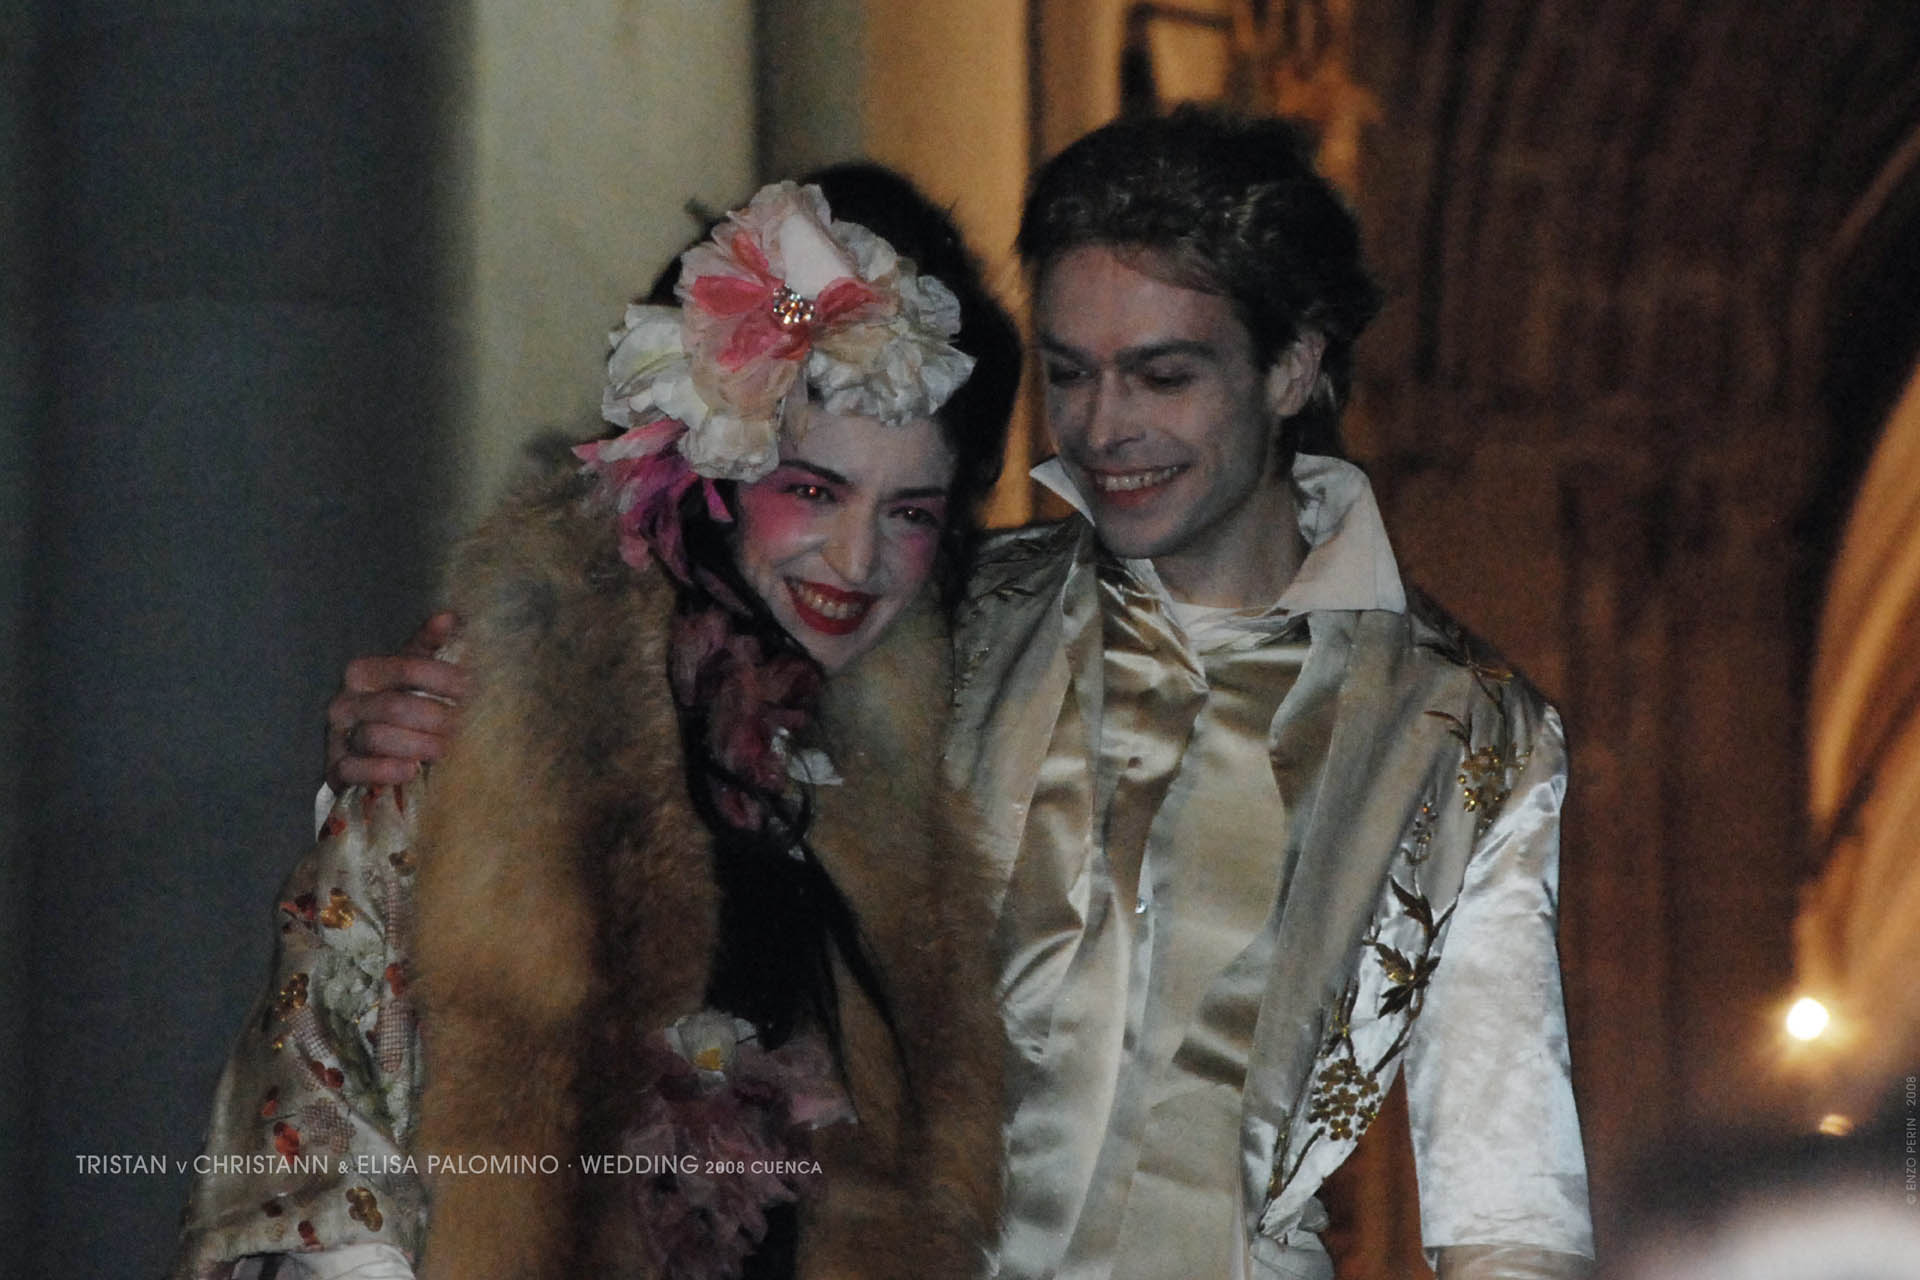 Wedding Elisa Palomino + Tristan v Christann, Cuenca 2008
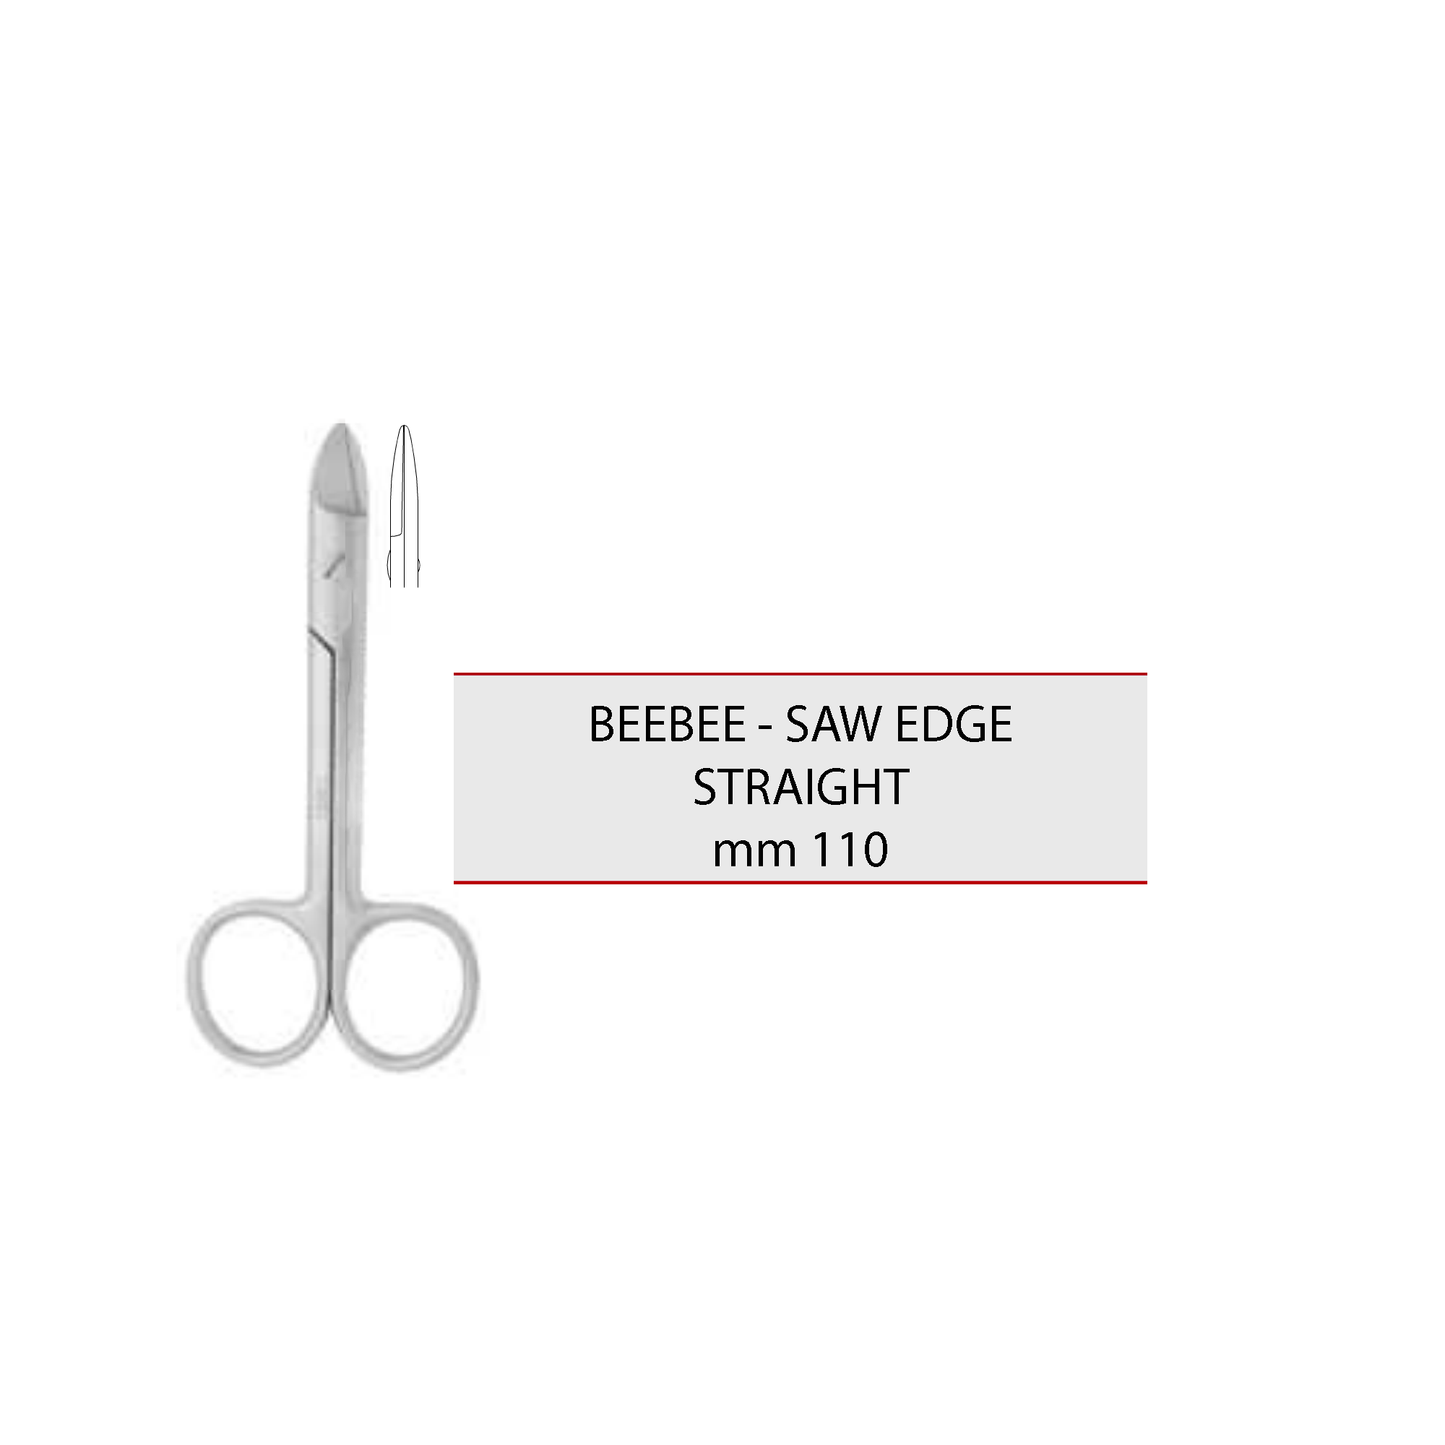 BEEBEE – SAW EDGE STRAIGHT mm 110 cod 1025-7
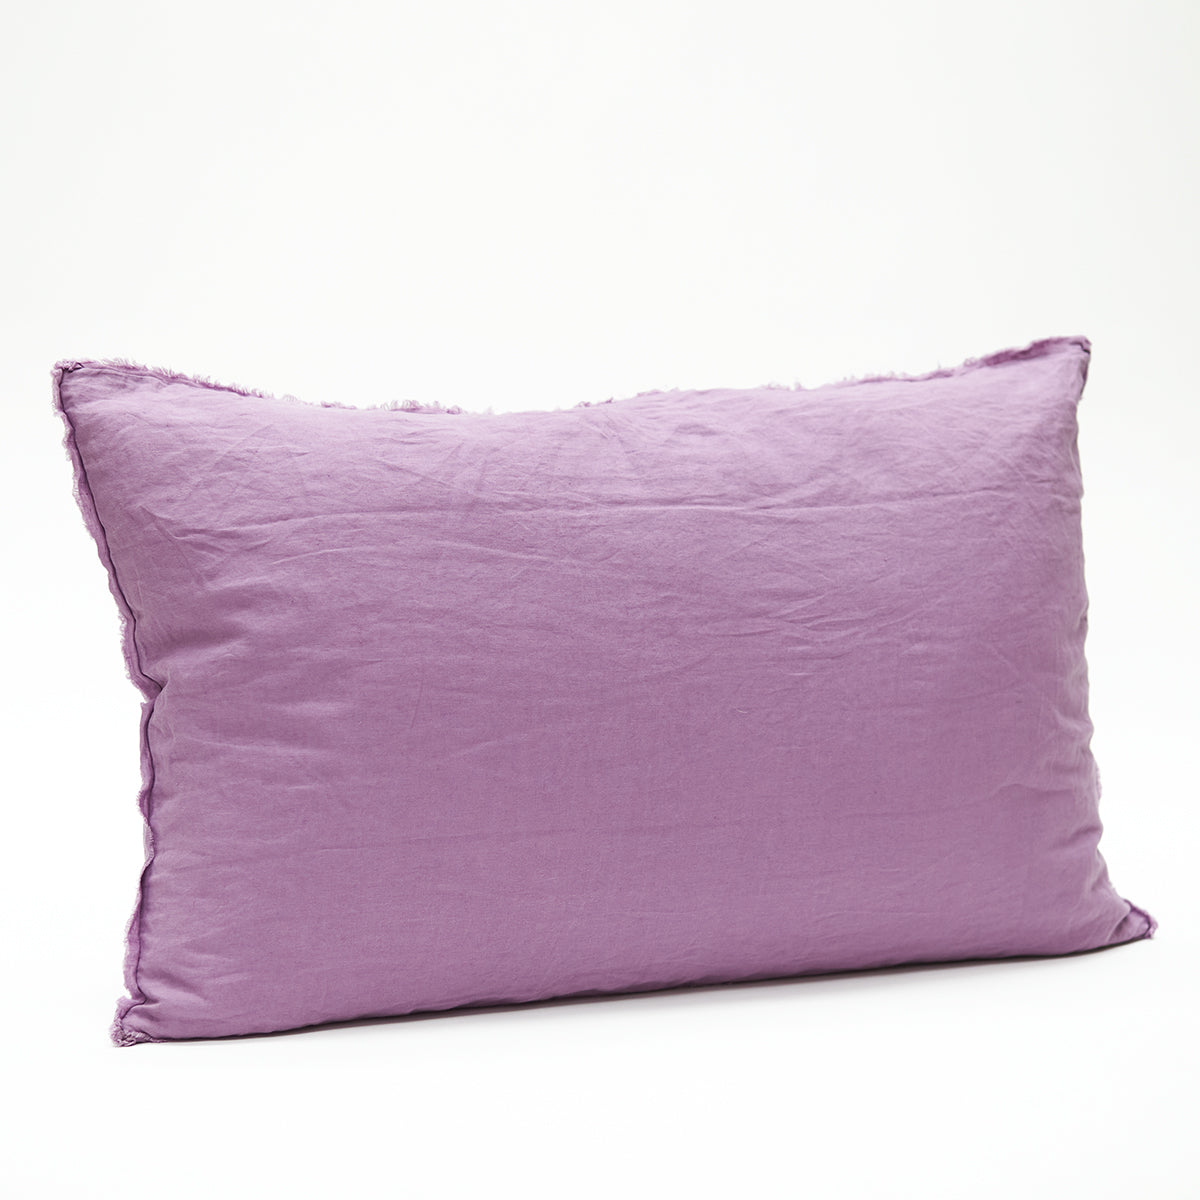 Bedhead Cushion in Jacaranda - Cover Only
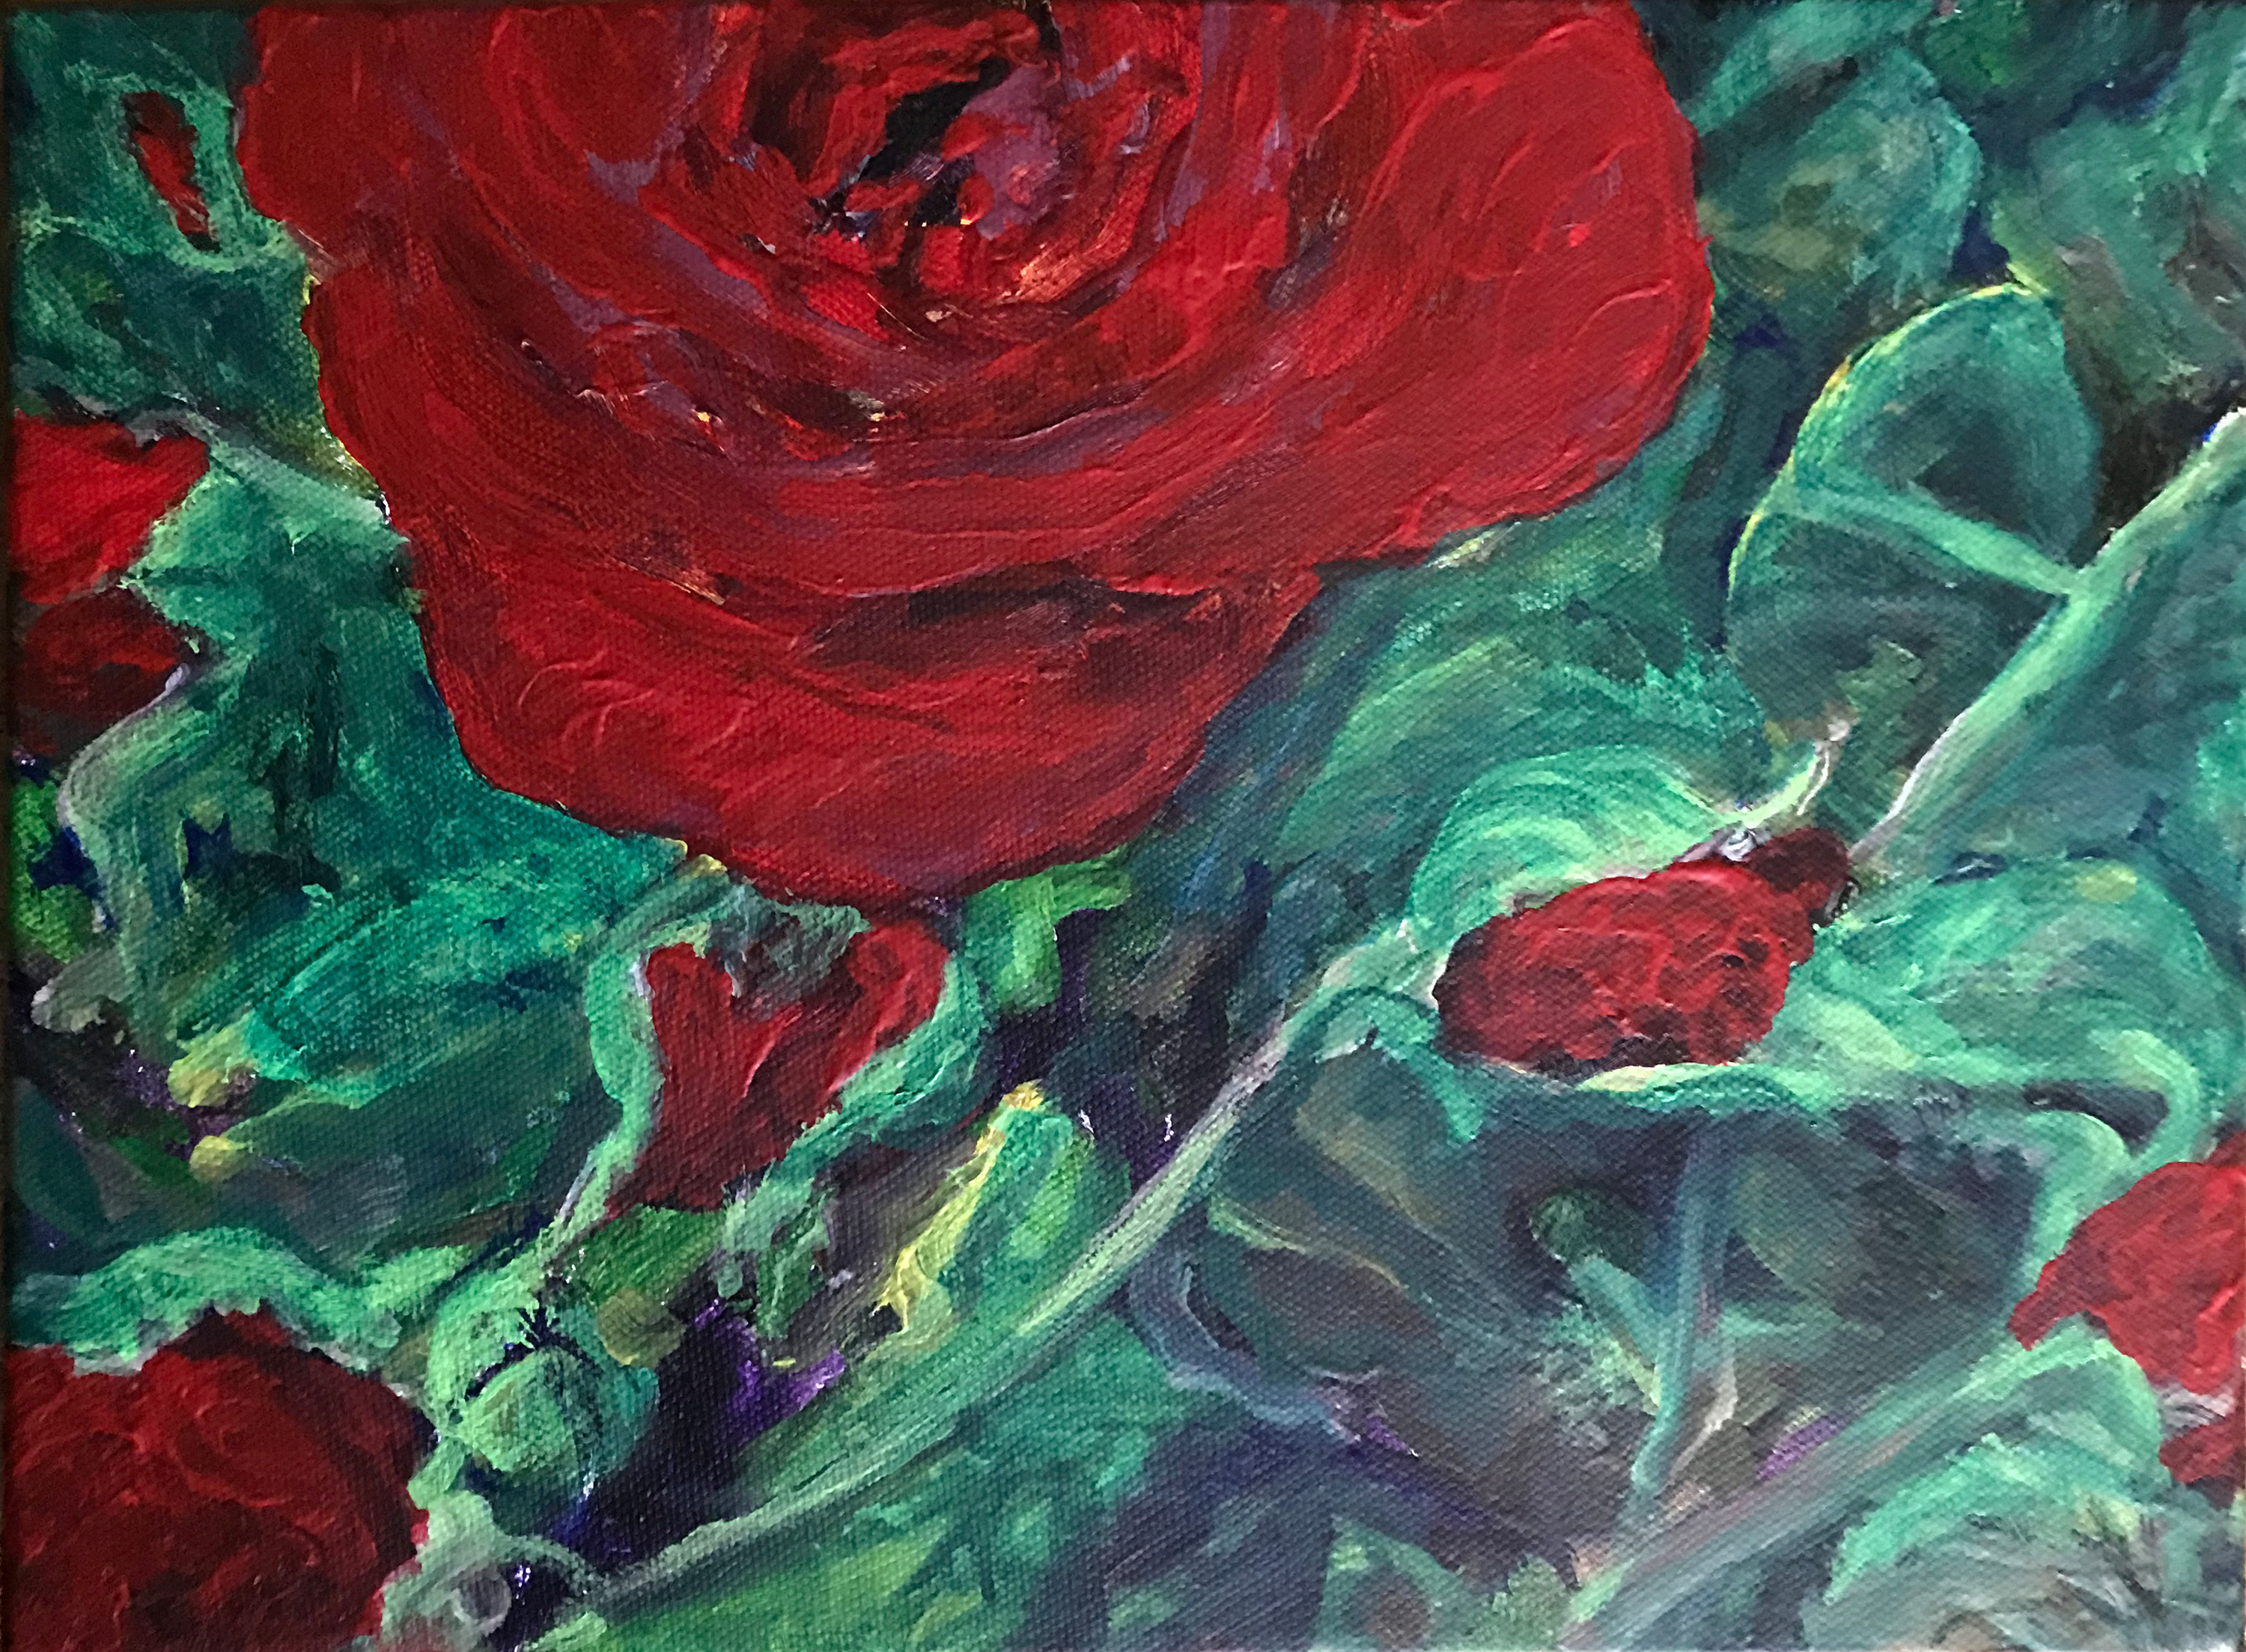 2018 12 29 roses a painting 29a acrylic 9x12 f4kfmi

--------

Reprint the data verbatim, pictures excluded.

 Wedding Elisa Palomino + Tristan v Christann, Cuenca 2008
 BEEBEE – SAW EDGE STRAIGHT mm 110 cod 1025-7
 Bedhead Cushion in Jacaranda - Cover Only
 2018 12 29 roses a painting 29a acrylic 9x12 f4kfmi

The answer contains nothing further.